● WORK REQUIRED: Output the data below exactly, without images.

● DATA SHOWN:

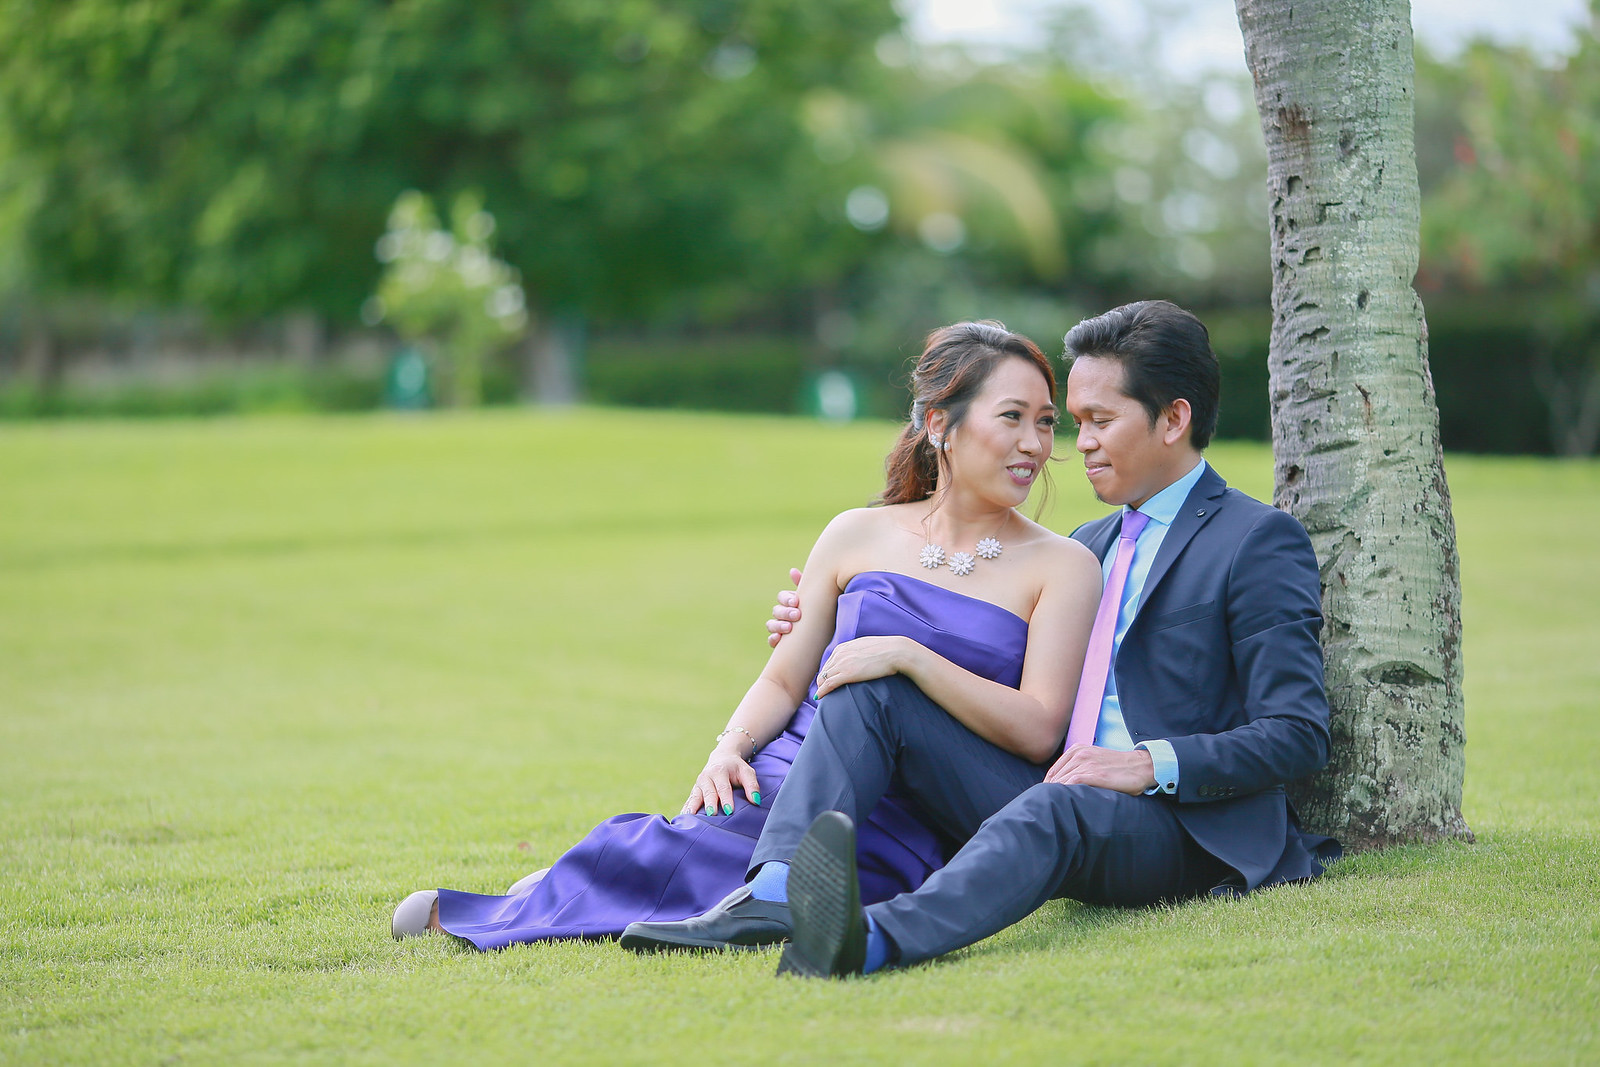 37162013535 030cad097b h - Shangrila Mactan Cebu Pre Wedding - Alex & Nina
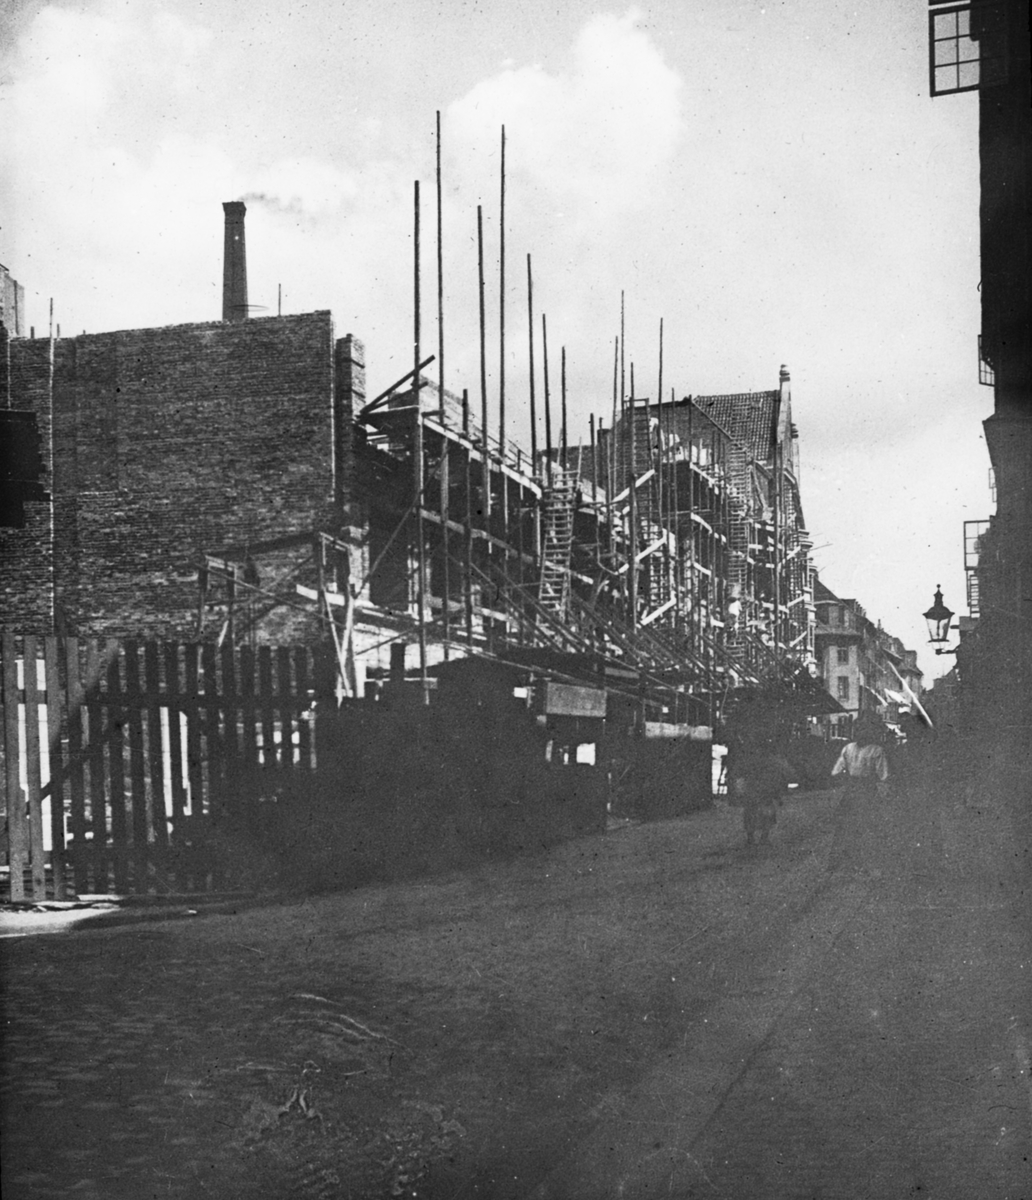 Skioptikonbild med motiv av husbygge/ husrenovering i Köpenhamn.
Bilden har förvarats i kartong märkt: Köpenhamn 8. 1908

● RESULT OF THE TASK:
 37162013535 030cad097b h - Shangrila Mactan Cebu Pre Wedding - Alex & Nina
 Skioptikonbild med motiv av husbygge/ husrenovering i Köpenhamn.
Bilden har förvarats i kartong märkt: Köpenhamn 8. 1908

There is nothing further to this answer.